> Data excerpt
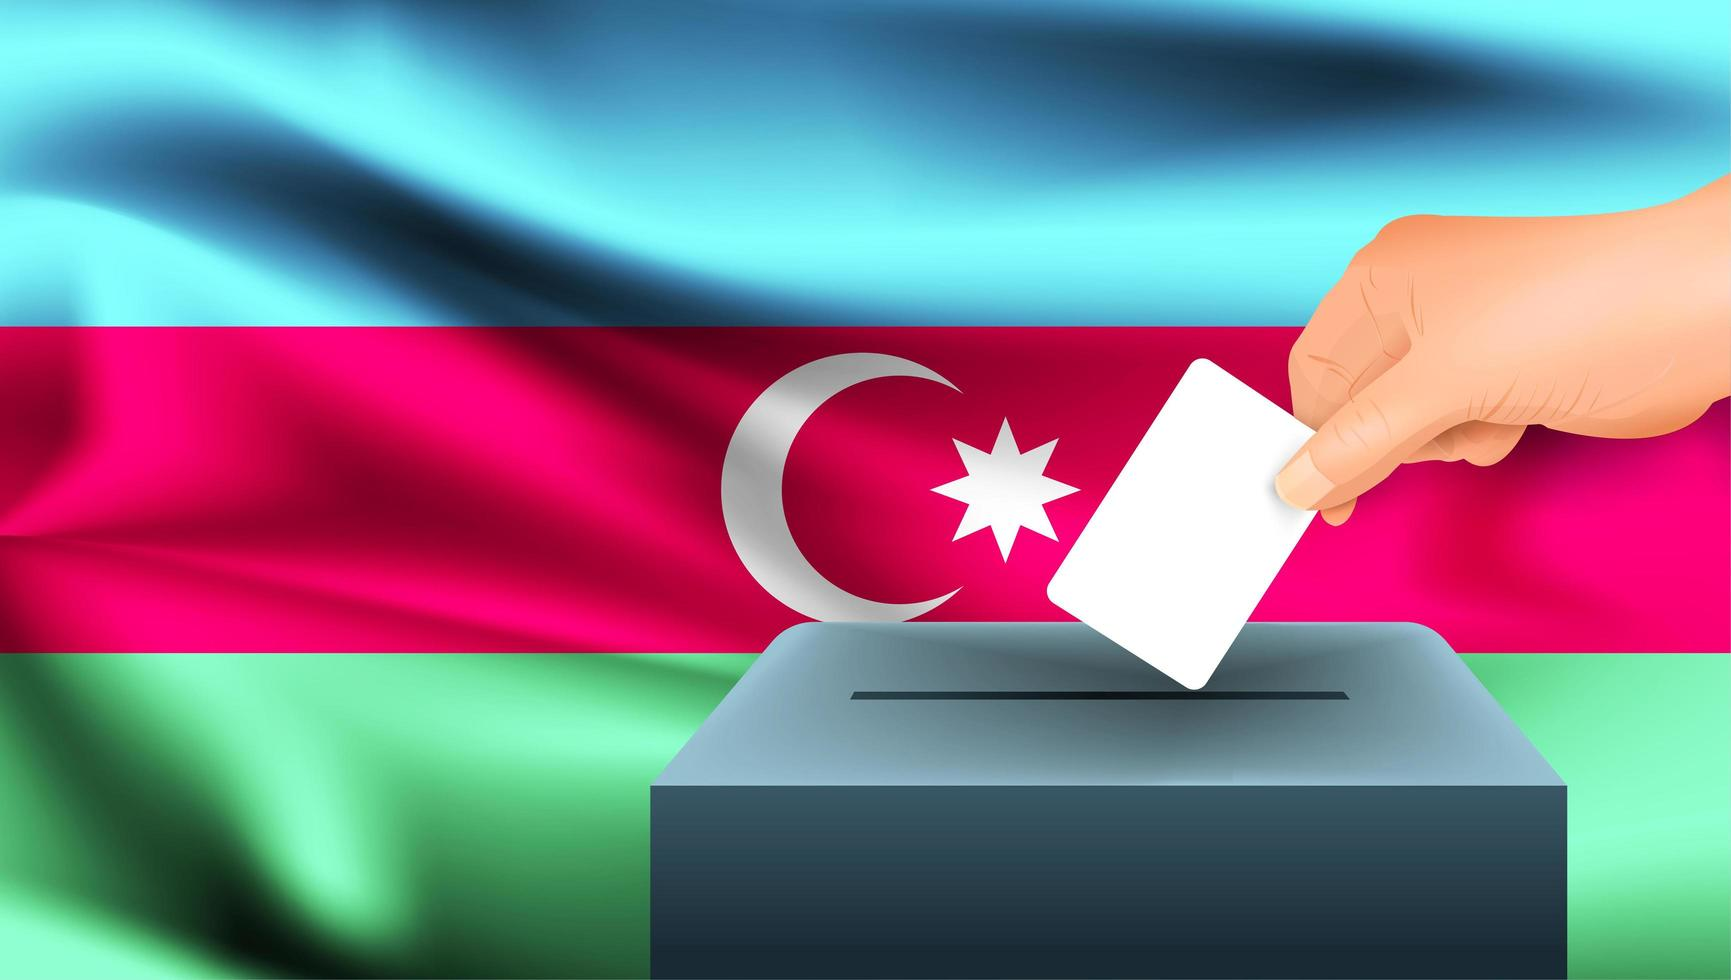 Hand putting ballot into box with Azerbaijan flag vector
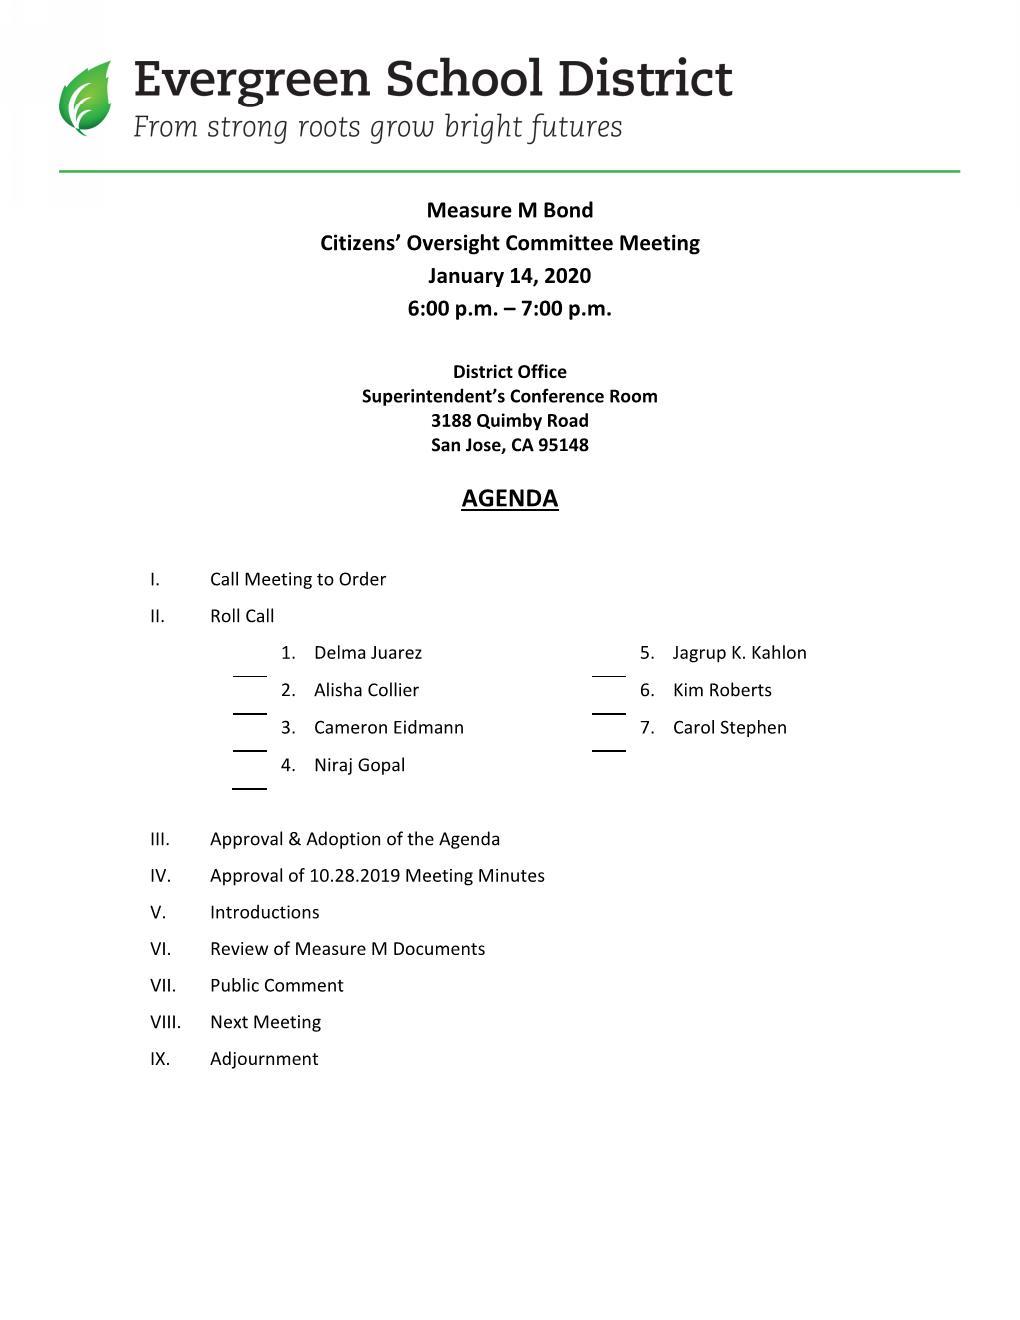 Agenda/Meeting Minutes 1/14/2020
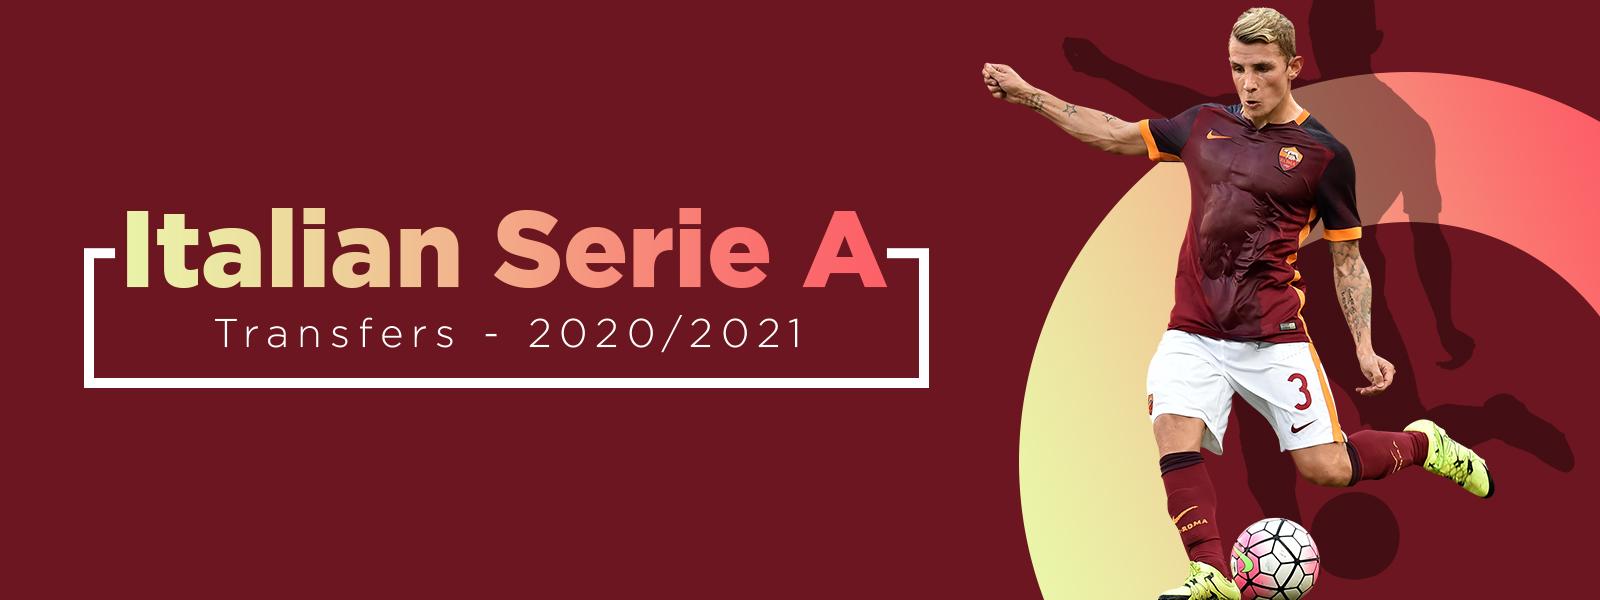 2020/2021 Italy Serie A Transfer Reviews

> Work instructions
Print out the material verbatim, skipping pictures.

> Output for this task
 Hand putting ballot into box with Azerbaijan flag vector
 Agenda/Meeting Minutes 1/14/2020
 2020/2021 Italy Serie A Transfer Reviews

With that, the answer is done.